§ Problem requirements:
Please give back the listing below word for word, without the images.
(Beginning of Data extract)
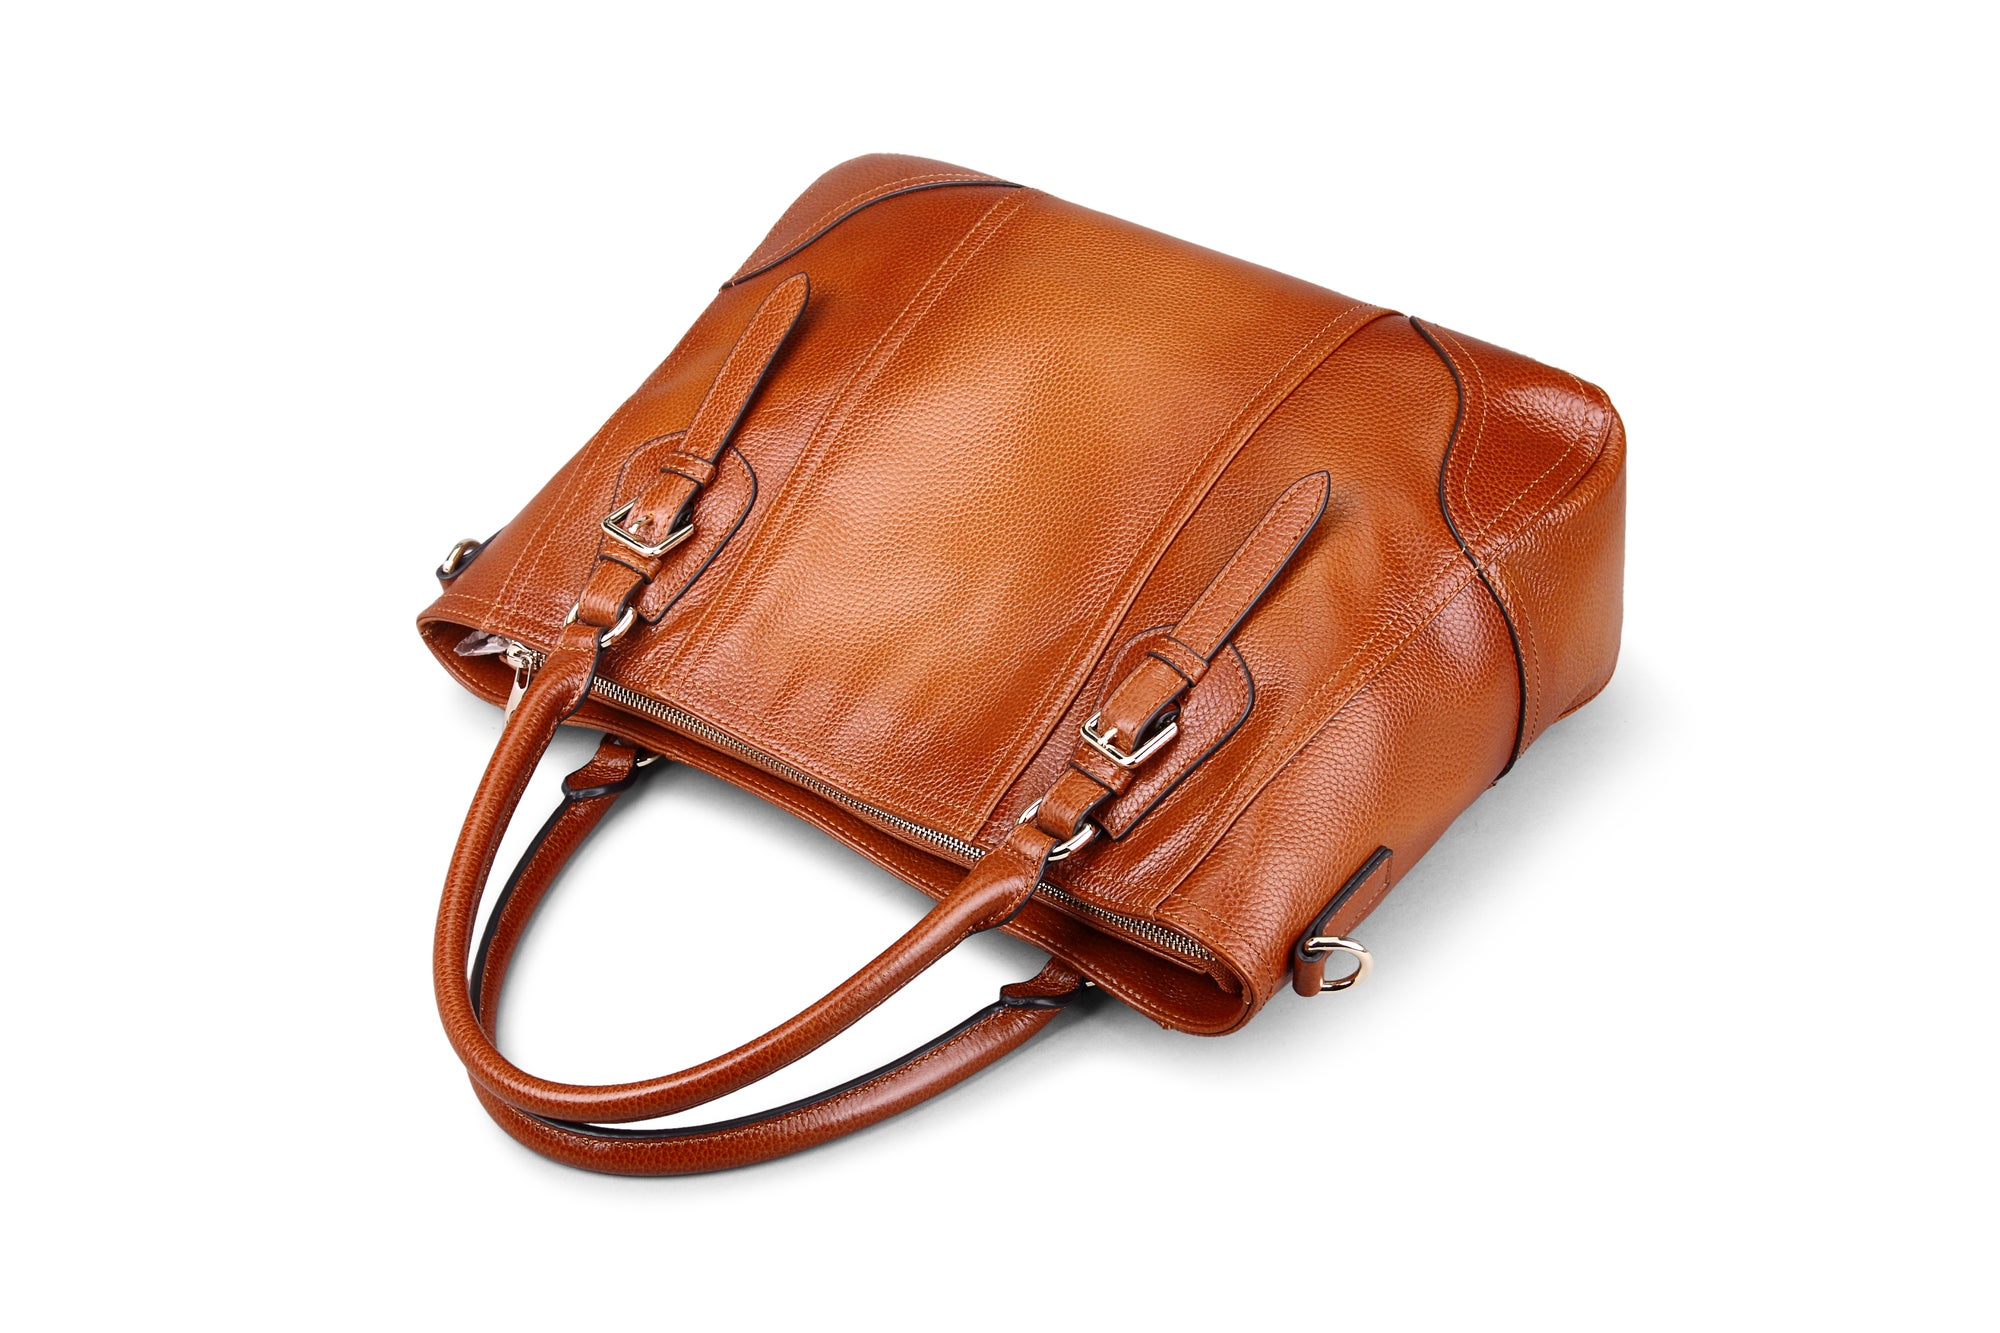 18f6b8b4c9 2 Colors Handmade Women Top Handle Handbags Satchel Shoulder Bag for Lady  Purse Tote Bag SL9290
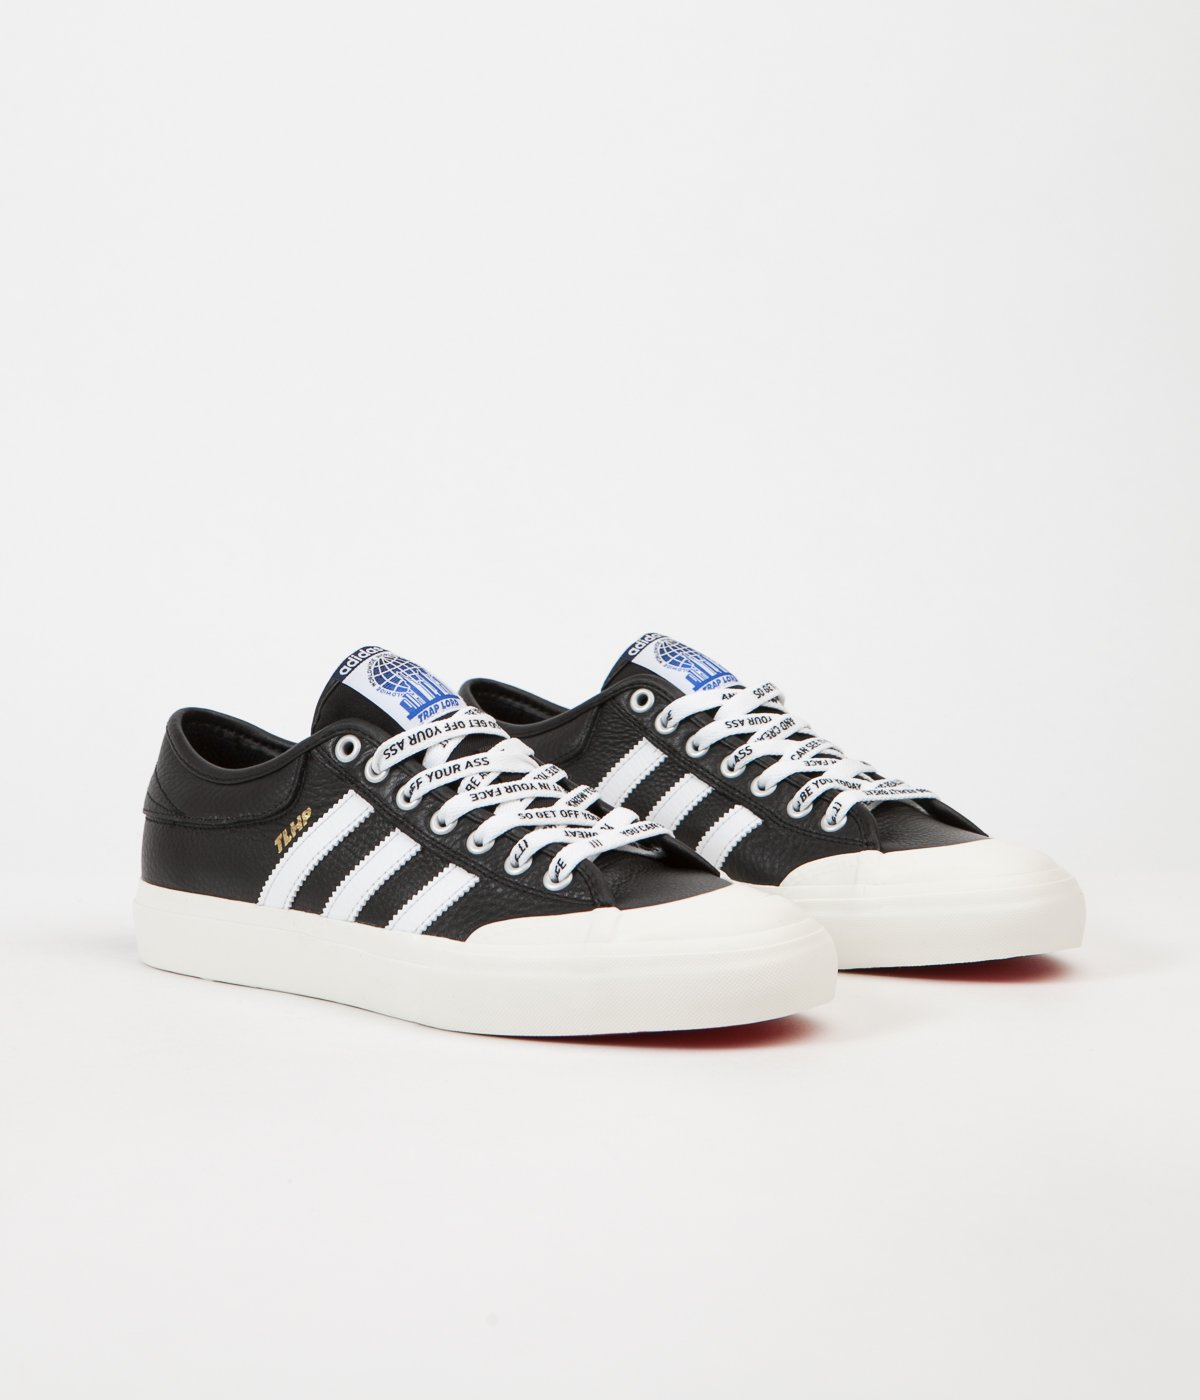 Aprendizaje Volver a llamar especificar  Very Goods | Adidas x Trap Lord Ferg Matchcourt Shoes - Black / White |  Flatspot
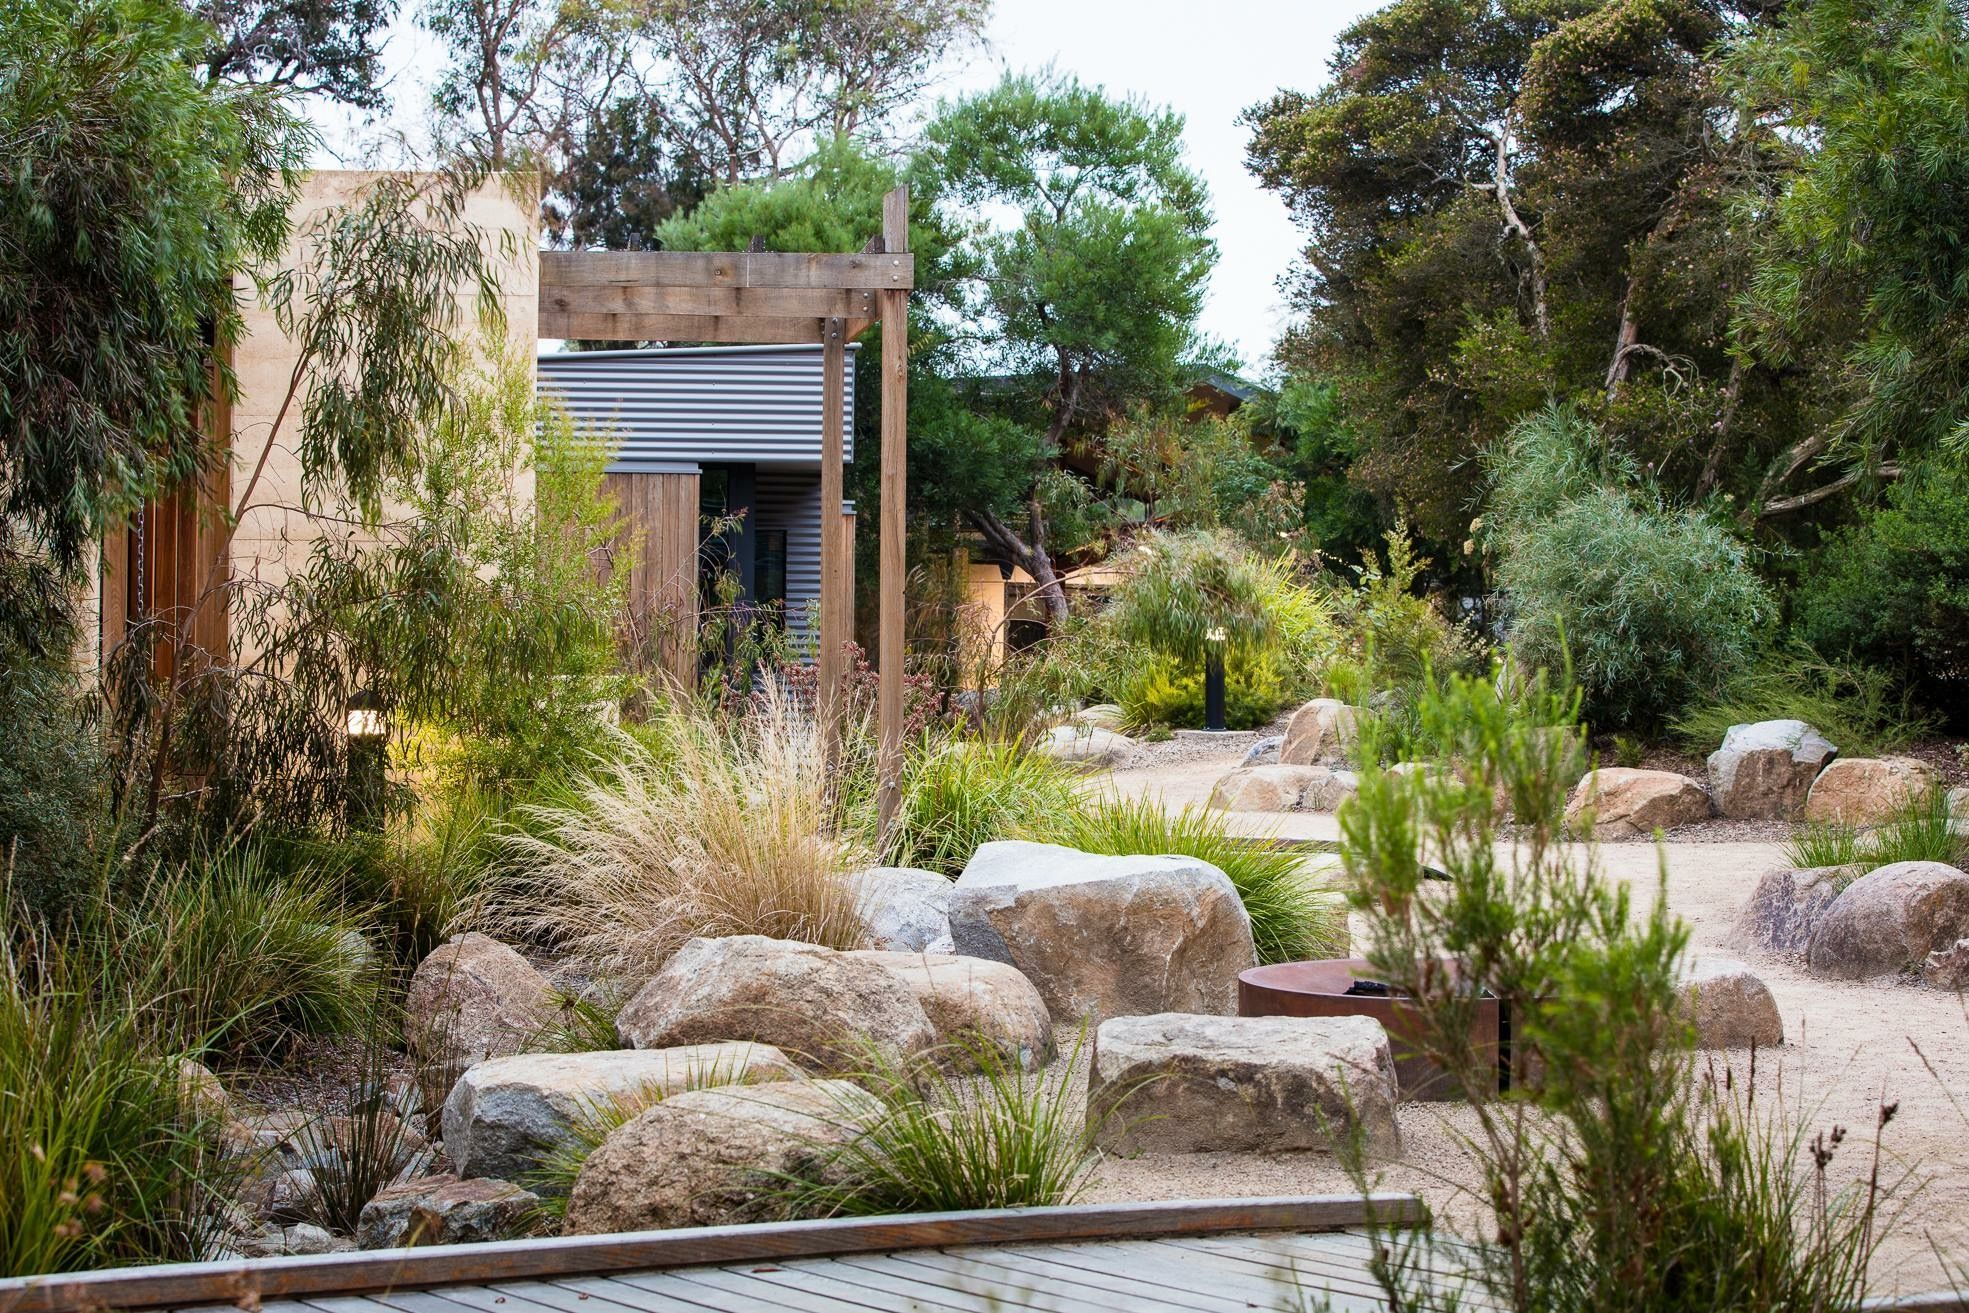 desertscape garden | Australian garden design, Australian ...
(End of Data extract)
§ Reply:
 18f6b8b4c9 2 Colors Handmade Women Top Handle Handbags Satchel Shoulder Bag for Lady  Purse Tote Bag SL9290
 Aprendizaje Volver a llamar especificar  Very Goods | Adidas x Trap Lord Ferg Matchcourt Shoes - Black / White |  Flatspot
 desertscape garden | Australian garden design, Australian ...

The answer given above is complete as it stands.